I've also been guerilla gardening in Puerto Rico on public land. It's incredible how much food is near you, and how much of it is actually edible if you live in a clean community.

I highly recommend you learn the wild food nearby that can help you survive and also create wealth. It's here for a reason.

I even had my assistant help me look for ripe cattail this summer to create a delicious pie crust...

Want to learn more? Let me know below


----------



## stevekozak (Oct 4, 2015)

I keep feeling like you are trying to sell me something.


----------



## Slippy (Nov 14, 2013)

stevekozak said:


> I keep feeling like you are trying to sell me something.

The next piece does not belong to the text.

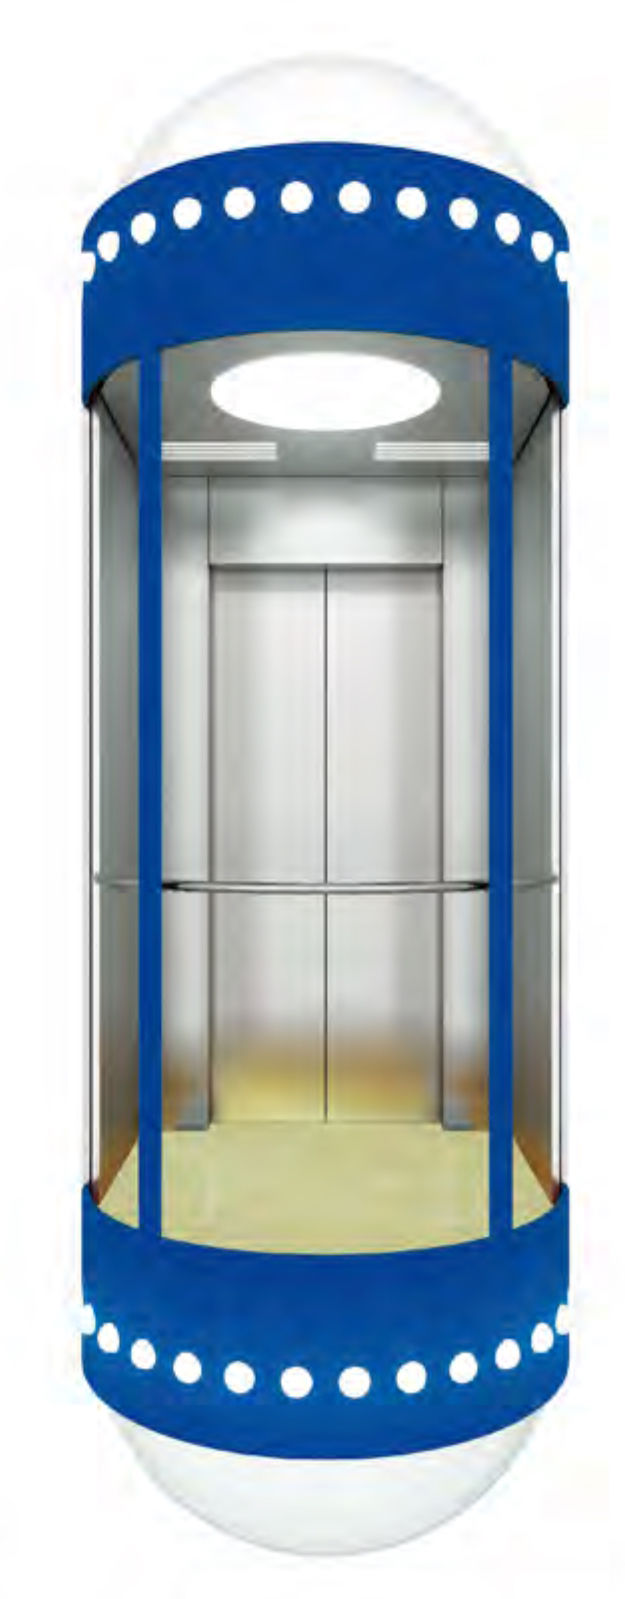 Подъем 3 пассажира лифта панорамного лифта поставки фабрики осмотр достопримечательностей

 @MarjoryWildcraft runs a pretty cool website and organization that I've learned a lot from. :vs_closedeyes: She's pretty smart and good people!


----------



## AquaHull (Jun 10, 2012)

I've been behind on harvesting acorns, They are like walking on marbles in my now snow covered yard.


----------



## Chiefster23 (Feb 5, 2016)

A few years back I tried guerrilla gardening on a foreclosed property next to mine. The ground was basically just a field/yard that was seldom mowed and never previously planted. I tried a small plot of 3 sisters crops. Turns out the ground wasn’t very good. I got 3 or 4 tiny squash, zero beans, and the few puny ears of corn produced were snatched up by raccoons in two nights. So the idea of guerrilla gardening sounds good on paper. But to get a good producing garden takes prep work to get good fertile ground. JMHO


----------



## Camel923 (Aug 13, 2014)

I think @marjorieWildcraft has a very valid point. If your crops are not obvious, no one will try and take them. Therefore what you grow is all yours. One less reason for you to be raided and savaged. The best way to win is not have to engage and risk catastrophic consequences. Grey man philosophy. Keeping critters away from it is a problem as well as yields as @Chiefster23 commented.


----------